Evita stood for manipulating AND used the common man as her excuse/crutch/symbol -- and was so powerful her body was spirited off to Europe after she died, but now she's buried in Buenos Aires famed Recoleta Cemetery, which is ringed on two or three sides by restaurants, nightclubs, 'gentlemen's clubs' with 'ladies of convenience' -- even a shopping mall on one side, and a cemetery full of feral cats, which are fed daily by cemetery goers.

 

And the cemetery is full of two and three story monuments to aggrandizement after death, in a South American tradition that is unmatched anywhere else I've been -- you have to see it to believe it -- Recoleta Cemetery -- where the rich and powerful are buried. Evita got there because of her family's lineage, which was NOT populist, but patrician, while her husband, Juan Peron, had to settle for a different final resting place, because he didn't qualify to have his early remains interred in Recoleta.
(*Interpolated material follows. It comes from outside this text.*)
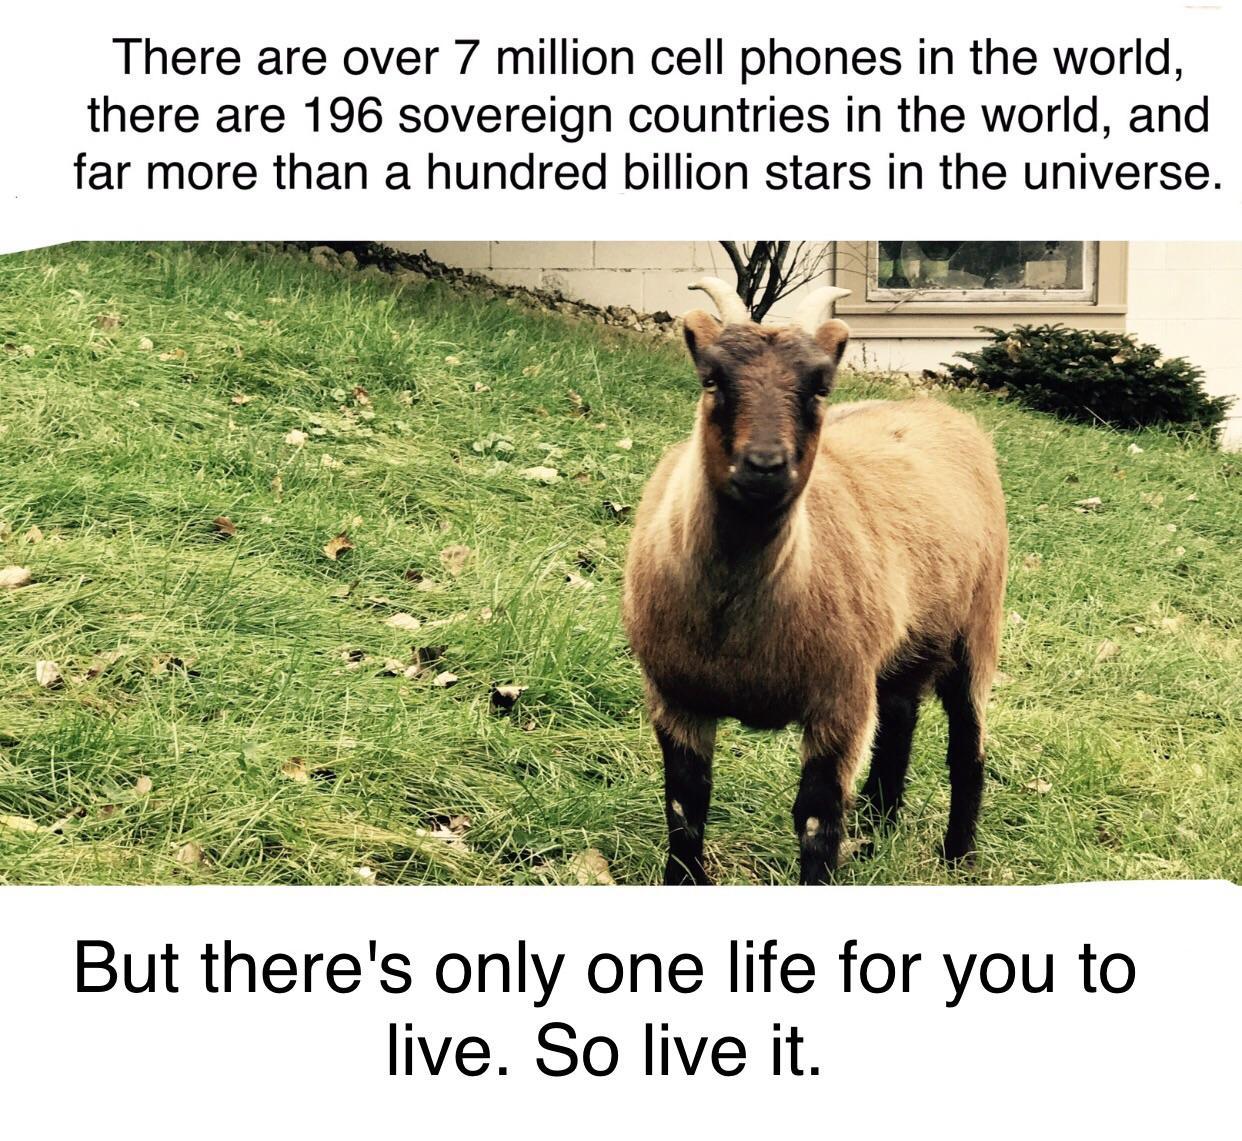 [Image] Live life.

That was a birthright he didn't have.

 

From birth to death (birthright) is how Argentina once was ruled, but Evita 'stood for' something else, even if it didn't stop with her and even if she was not really a poor peasant girl.

 

Generals took over the government for a while in the early '80s and their 'enemies' were shoved out of airplanes high over the Atlantic to their deaths -- the 'disappeared ones', and their relatives gather outside City Hall and other government buildings every Thursday to continue to press the government for info on their 'disappearances'.

 

I have wonderful photos of those people and their barricading from this particular day, when their forces were greater than usual.

 

You have to know the story, but with the story the photos are evocative, but you won't find them here.

 

(they'll probably end up as 'stock photo' some time, as the travel books always mention these people and there are NO photos of them.

 

I love the girls expressions, as though they've being chased by Evita's ghost herself.

 

Argentina and Ukraine share colors -- blue and gold -- imagine that -- two places I'd most like to be (with a very little money to lead a good life), and a flag that's almost identical -- and both countries are absolutely 'mad' about football (soccer to you).

 

But Argentinians are very well fed with meat at every meal; and the Ukrainians have meat 'for holidays' in a large number of households, despite rich land that is not being used efficiently because no one knows who will own it in three or four years -- since it hasn't been all distributed.

 

US agribusiness firms have been crawling across Ukraine for the three years I've been going there, trying to boost yields on some very rich land, to gain a toehold for what will be Ukraine's eventual key to full stomachs for its residents -- it's unmatched and sweeping farmland.

 

Argentina, on the contrary, has more than enough land, and its numerous cattle just eat grass (you've never tasted beef so different than grass-fed Argentinian beef, which cooks in a thrice because it's both tender and mostly fat-free, not made from American 'factory steers' -- all hybridized for marbling) It's just like the ones Conquistadors brought with them when a few escaped and took up residents on the oceans of chlorophyll called the pampas (apologies to Johnny Apple, late food critic of the New York Times for that phrase).

 

Here's to you Micki, with the finest meal in town for $10 US and a $6 bottle of fabulous wine, worthy of Napa, Sonoma or Mendocino.

 

I'm going there as soon as I can get away and finish my business in Ukraine.